Meteorological history
- Formed: December 13, 2006
- Dissipated: December 15, 2006

Extratropical cyclone
- Highest winds: 74 mph (119 km/h) at Hood Canal Bridge
- Highest gusts: 114 mph (183 km/h) at Mt. Hebo, Oregon
- Lowest pressure: 970 hPa (mbar); 28.64 inHg

Overall effects
- Casualties: 18
- Damage: US$267 million+ in US ($426 million in 2025 dollars) CA$89 million+ in Canada ($134 million in 2025 dollars)
- Areas affected: Washington, Oregon, Idaho, Vancouver Island, and Southern British Columbia
- Power outages: ~1.8 million

= Hanukkah Eve windstorm of 2006 =

Weather event in the Pacific Northwest

The Hanukkah Eve windstorm of 2006 was a powerful Pacific Northwest windstorm in the Pacific Northwest region of the United States and southern British Columbia, Canada between December 13, 2006, and December 15, 2006. The storm produced hurricane-force wind gusts and heavy rainfall, causing hundreds of millions of dollars in damage and leaving over 1.8 million residences and businesses without power.

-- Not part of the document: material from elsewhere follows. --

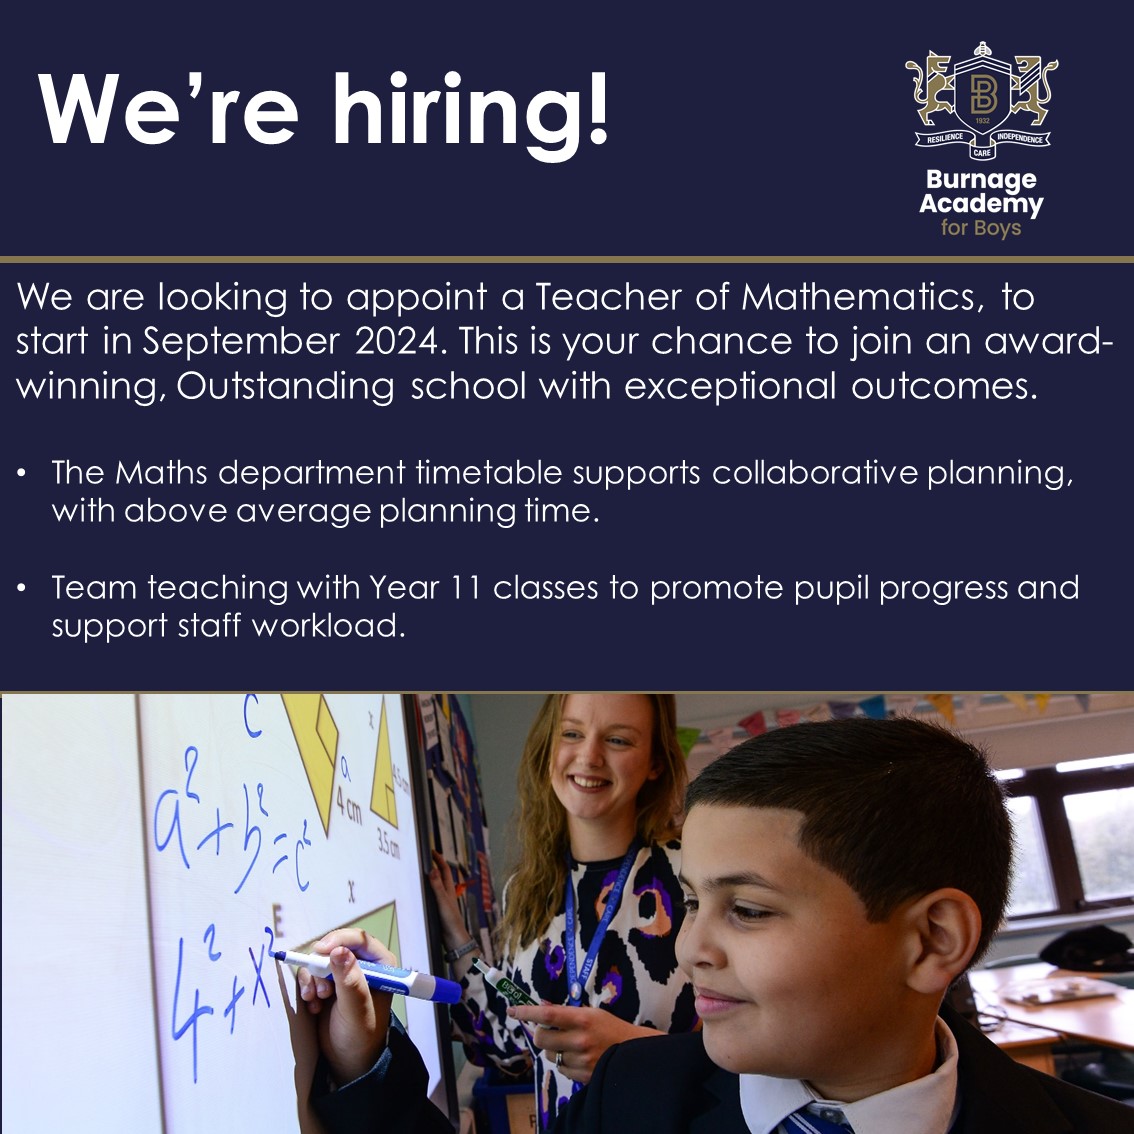 We're looking to appoint a Teacher of Mathematics for Sept 2024, with MPS/UPS applications considered. Join our team where teacher wellbeing is at the heart of all we do and outcomes are exceptional. Applications close Weds 1 May, 9am. Details here: ow.ly/9Erl50RocIJ

Eighteen people were killed, many of whom died of carbon monoxide poisoning in the days following the storm because of improper use of barbecue cookers and generators indoors. The name of the storm was chosen in a contest run by the National Weather Service (NWS) office in Seattle from about 8,000 entries.

==Impact==

===Washington===
The storm left extensive devastation across Washington, especially tree damage, which knocked down numerous power lines. Fallen trees also led to several road closures, including a section of I-5 near Chehalis. For the first time in its history, the Tacoma Narrows Bridge was closed. Seattle-Tacoma International Airport partially lost power, canceling most flights. Flooding was also reported in low-lying areas from the heavy rain.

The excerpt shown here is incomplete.